What this task involves ▸
With pictures left out, output word for word the lines from the one containing "138101 เคส iPhone XS สีน้ำเงิน" through the end of the material below.

Provided material ▸
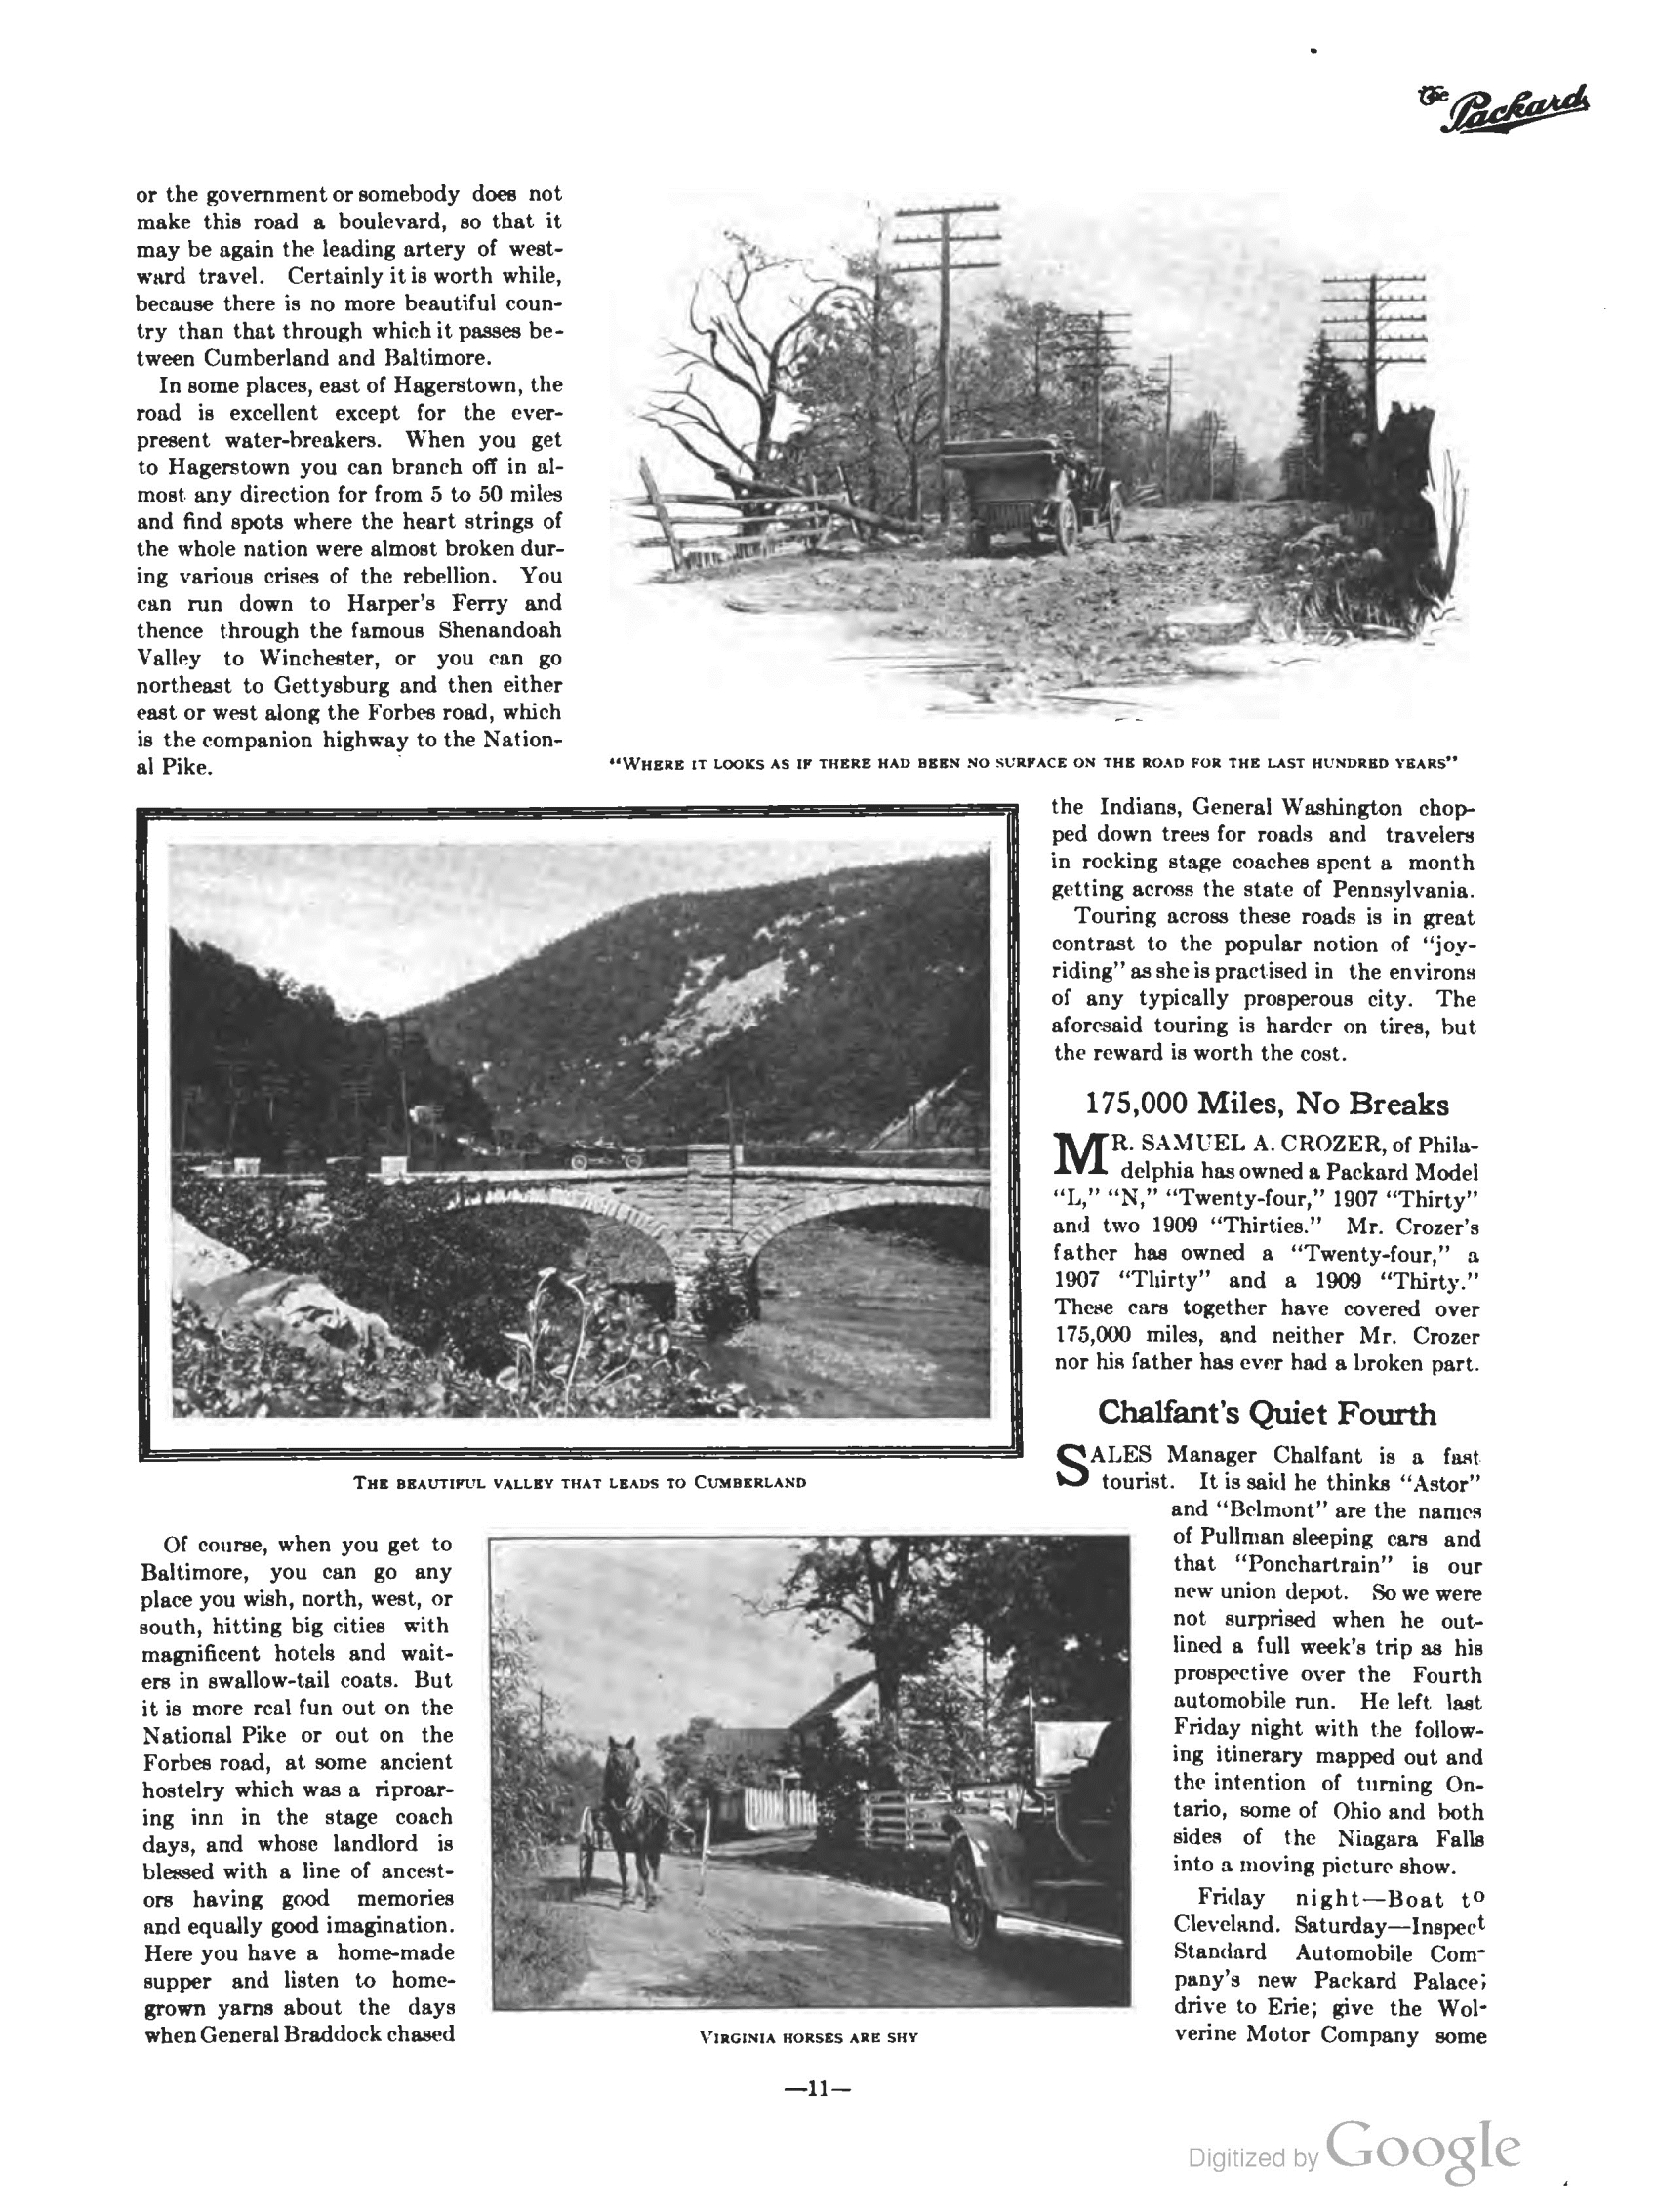 1910_The_Packard_Newsletter-061
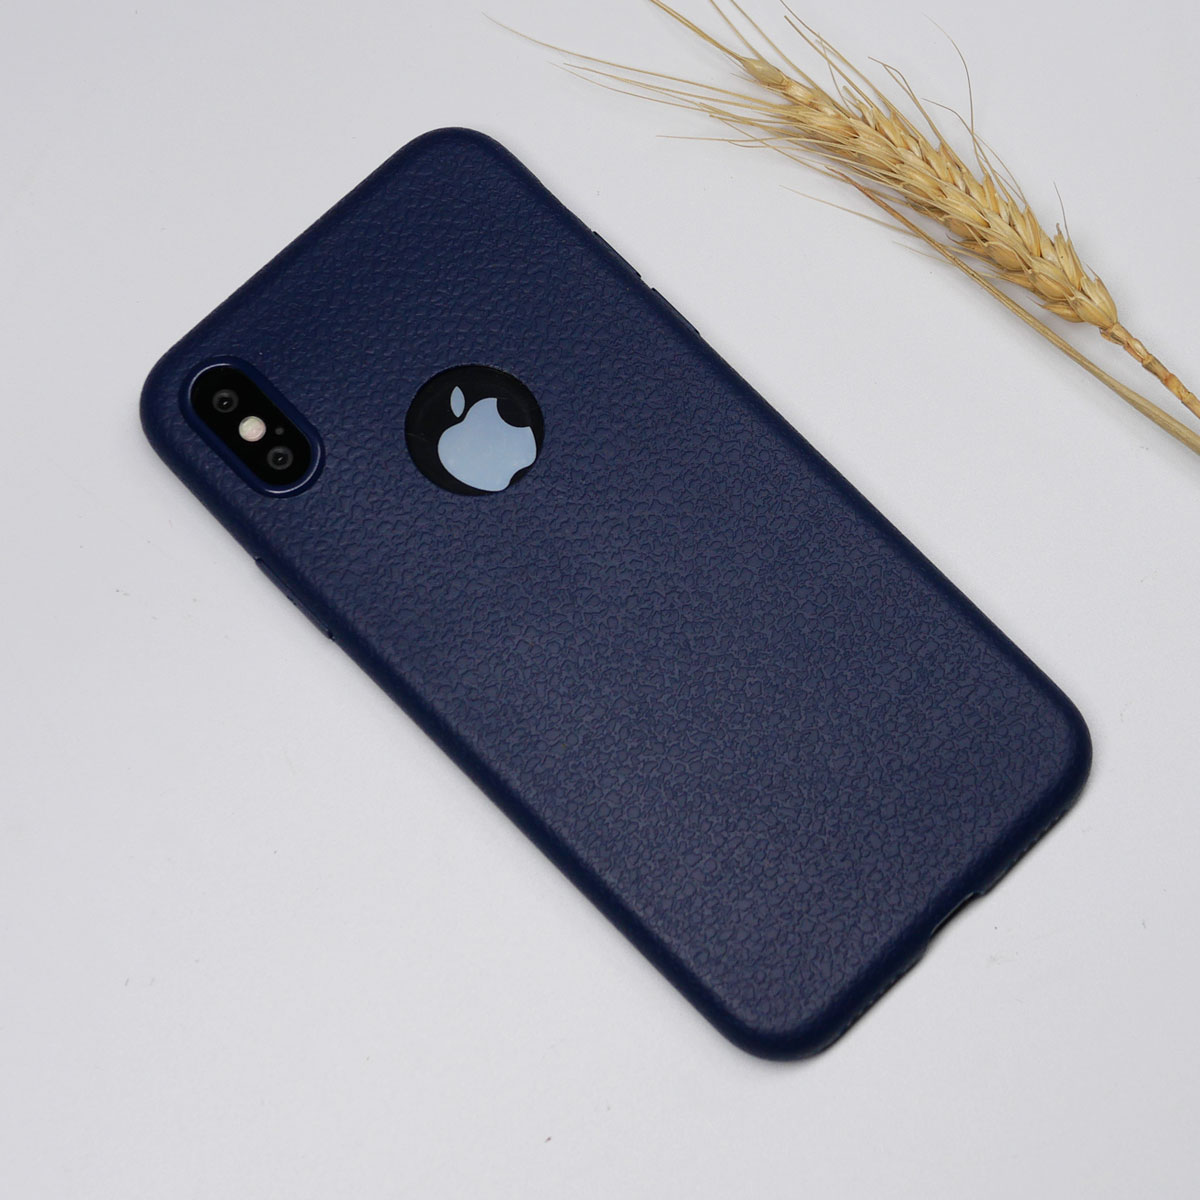 138101 เคส iPhone XS สีน้ำเงิน
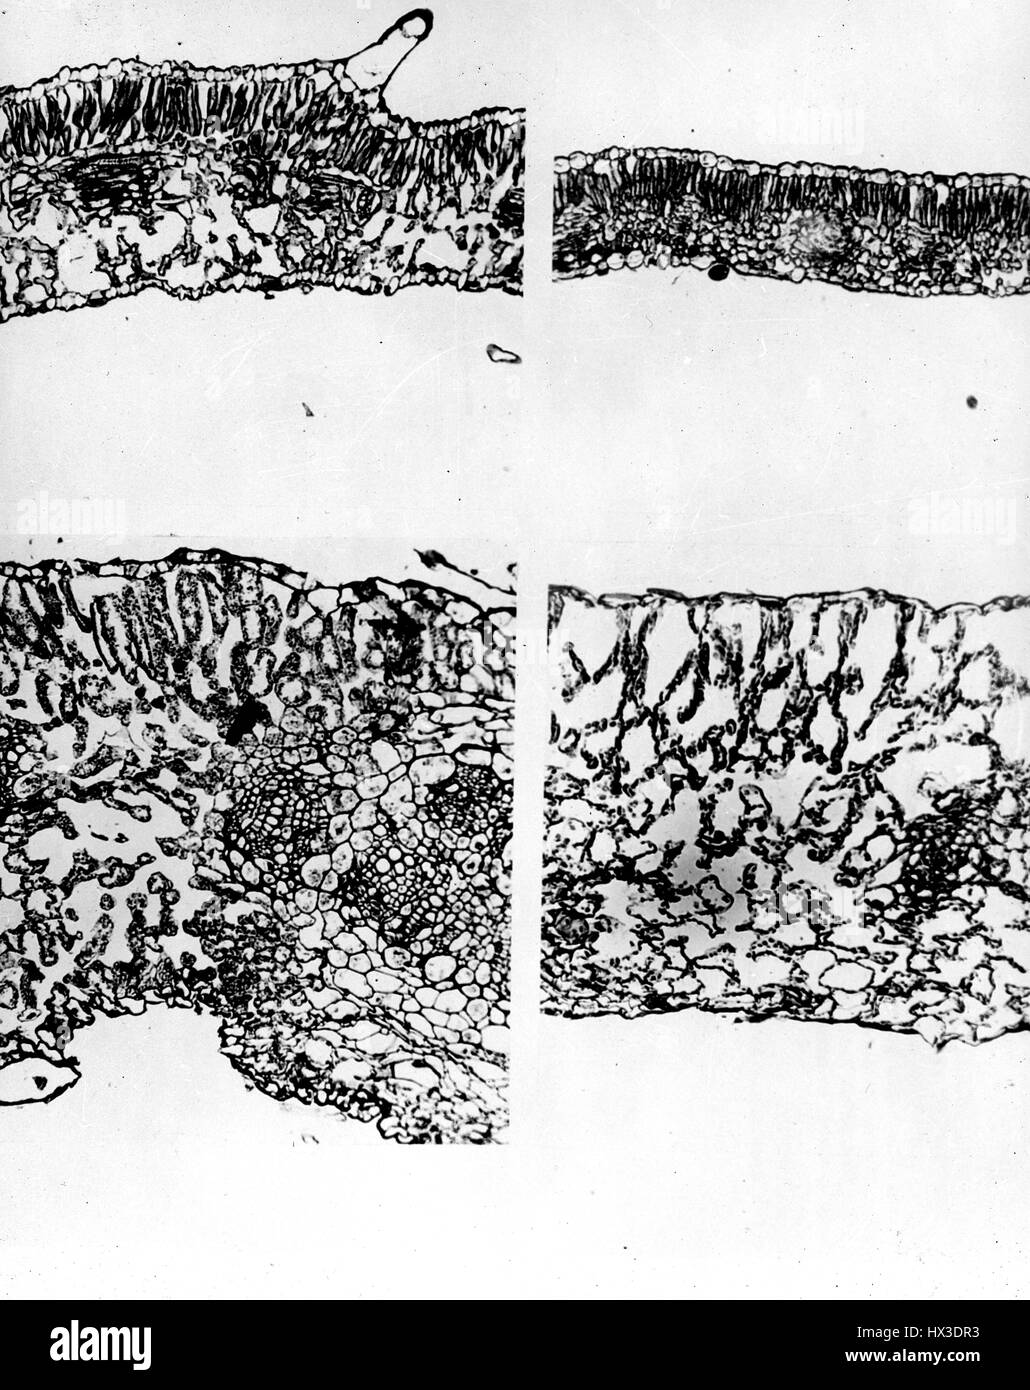 Sezioni trasversali di piante di tabacco con un microscopio che mostra l'effetto di radiazioni nucleari, a Brookhaven National Laboratory di Upton, New York, 1955. Immagine cortesia del Dipartimento Americano di Energia. Foto Stock

Answer box ▸
 138101 เคส iPhone XS สีน้ำเงิน
 Sezioni trasversali di piante di tabacco con un microscopio che mostra l'effetto di radiazioni nucleari, a Brookhaven National Laboratory di Upton, New York, 1955. Immagine cortesia del Dipartimento Americano di Energia. Foto Stock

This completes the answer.